## To do
Only the lines from the one containing "The rigging, skinning" through the end of the entries are wanted, retyped exactly and without pictures.

----

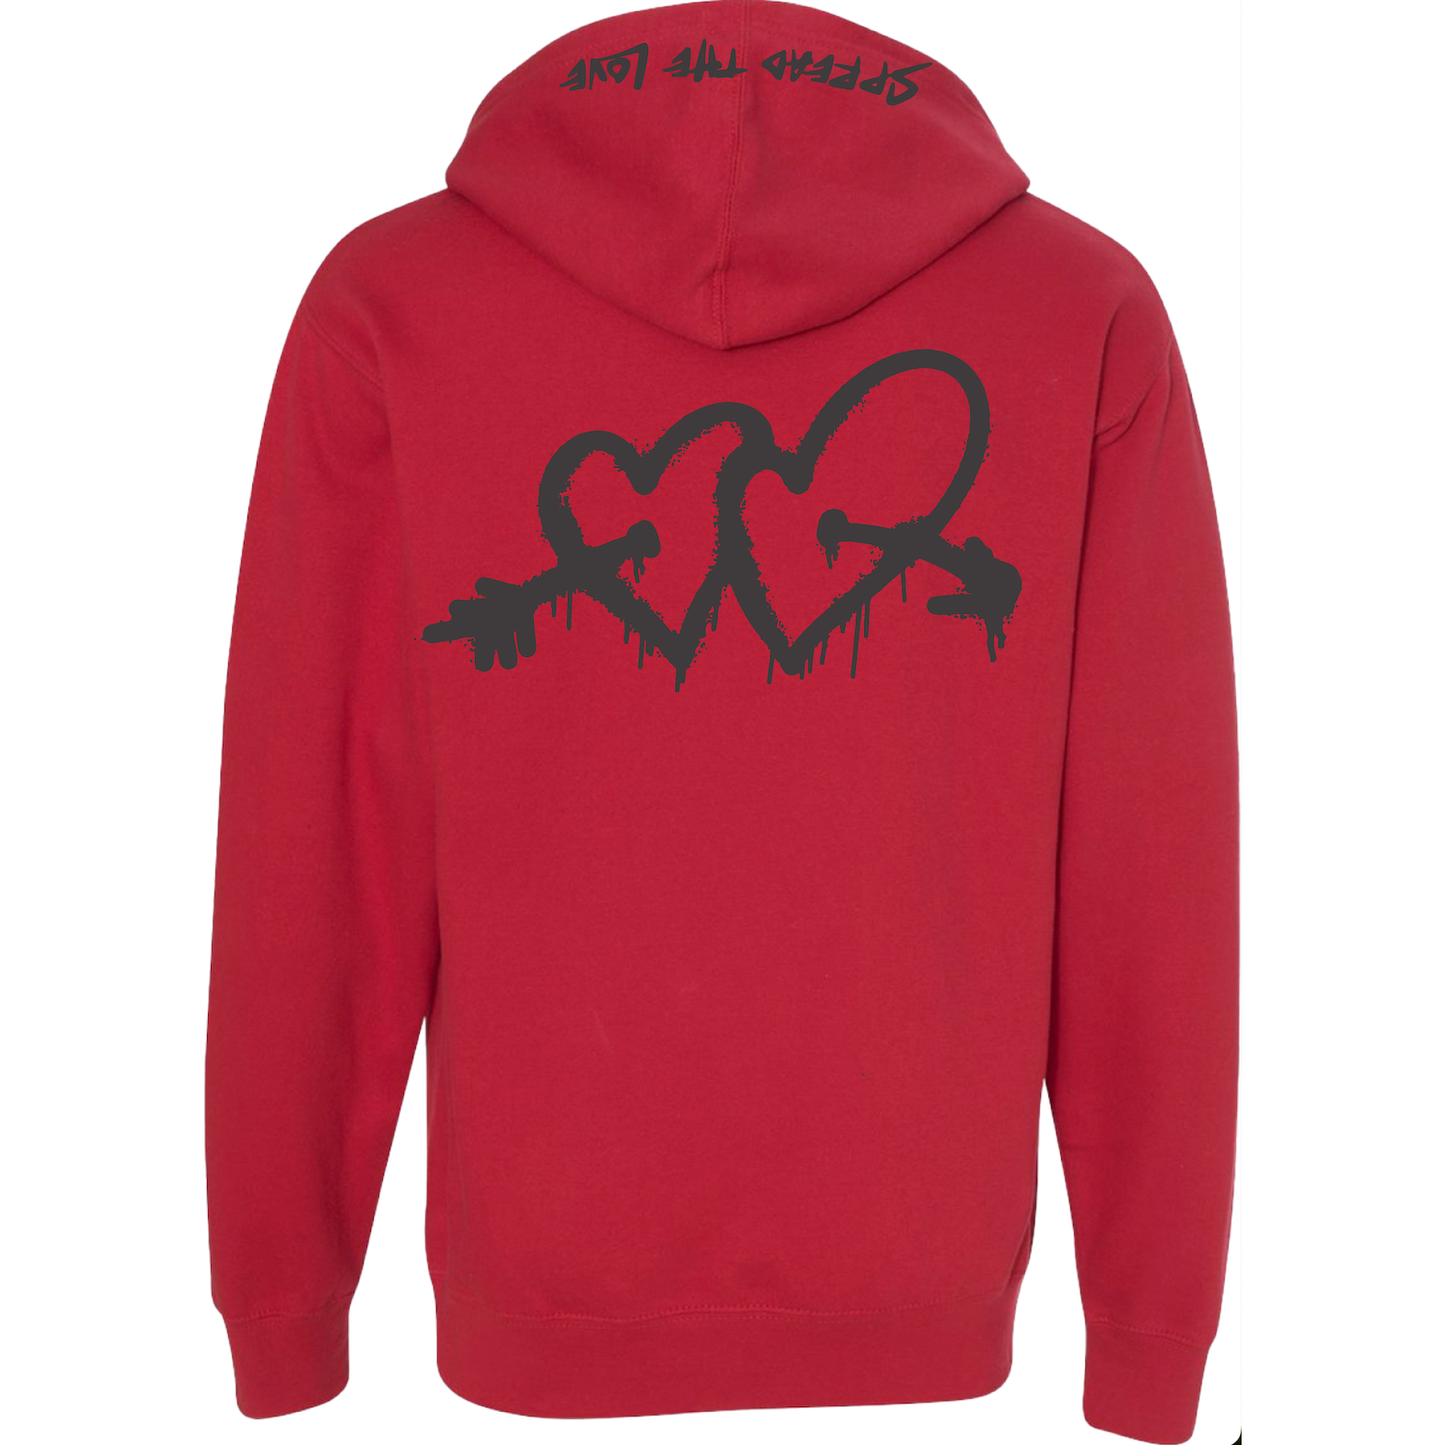 First Edition AC3 Spread the Love Red Hoodie
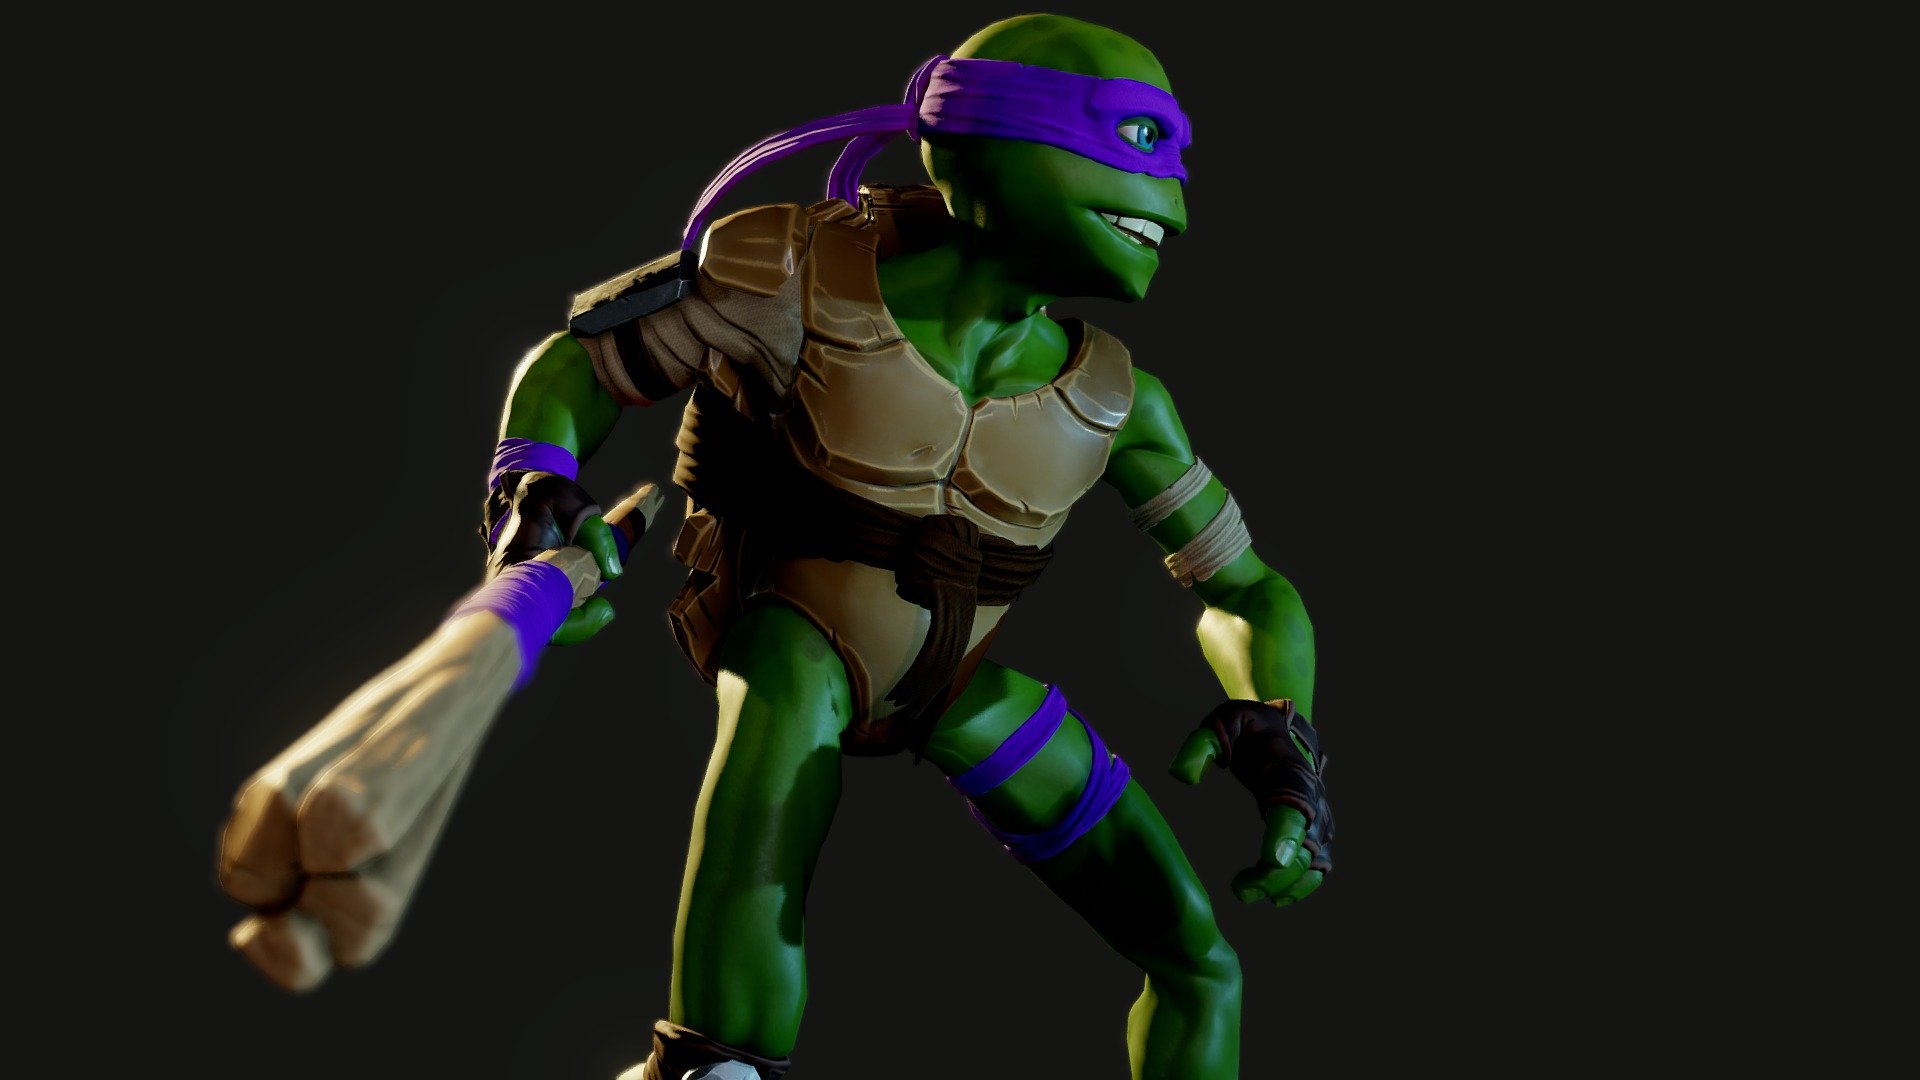 Low poly TMNT character ive been working on and off of for a while now, glad to finally have it at a stage im happy with. I took influence from alot of designs, and created my own spin of the ninja turtle, closer to the original cartoons and keeping a nice stylisation to the proportions.

The rigging, skinning and animation has been done by my talented friend Kuruvilla Varghese

There are still some skinning issues here but will work on fixing those up and adding more cool animations soon! - TMNT Donatello - 3D model by jonmills3d 3d model
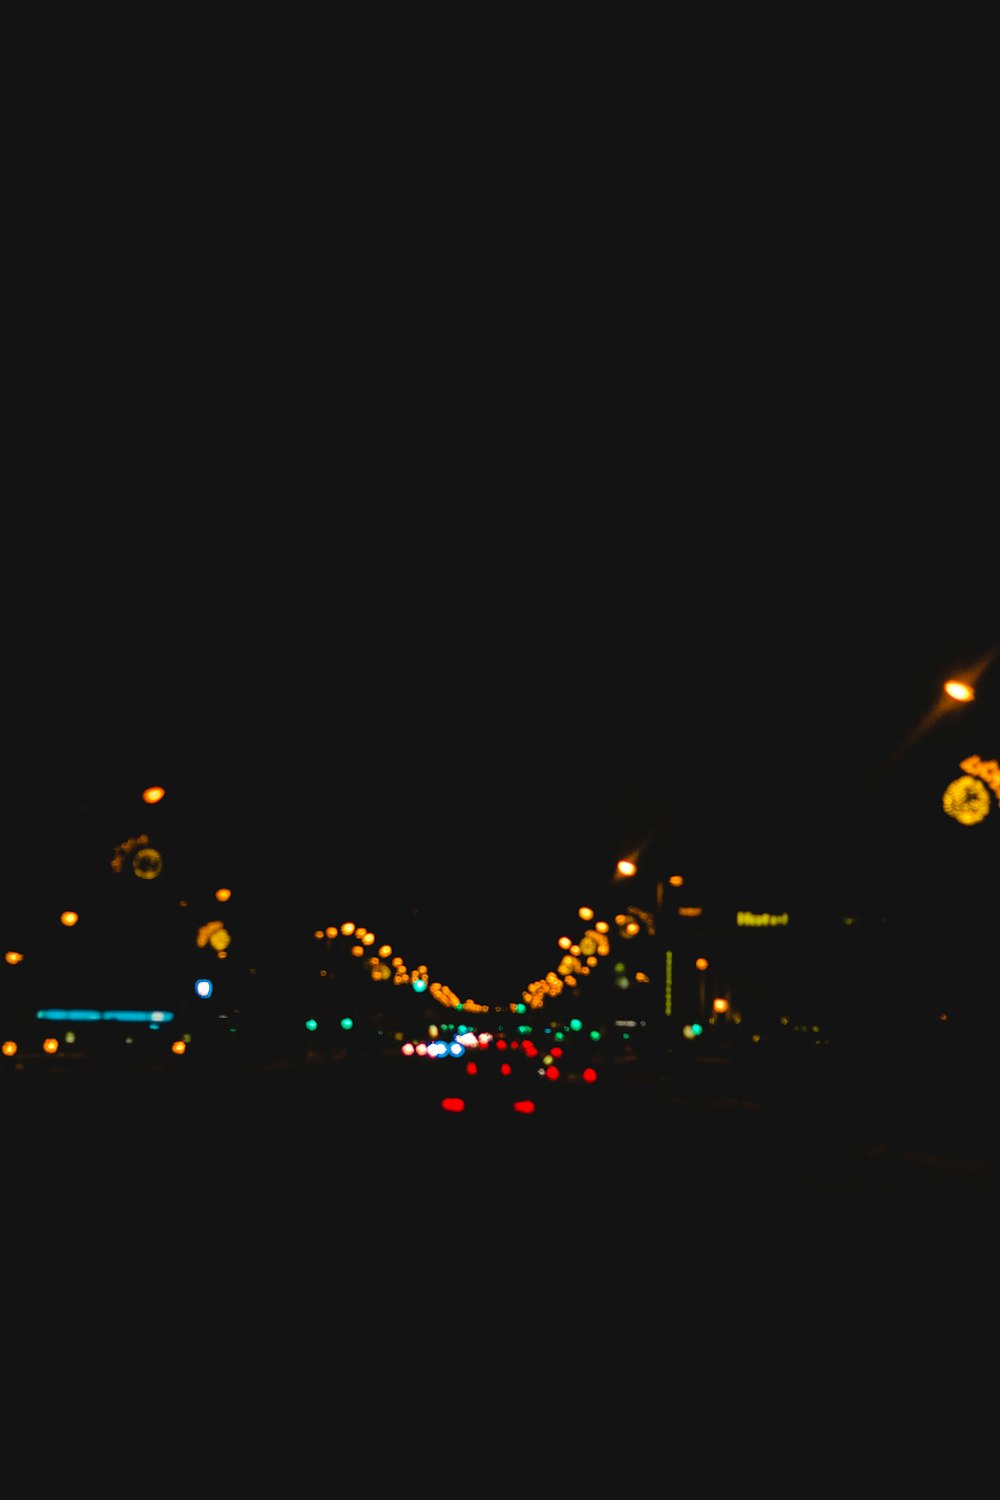 Late Night Drive Pictures | Download Free Images on Unsplash

----

## Solution to this exercise
The rigging, skinning and animation has been done by my talented friend Kuruvilla Varghese

There are still some skinning issues here but will work on fixing those up and adding more cool animations soon! - TMNT Donatello - 3D model by jonmills3d 3d model
 Late Night Drive Pictures | Download Free Images on Unsplash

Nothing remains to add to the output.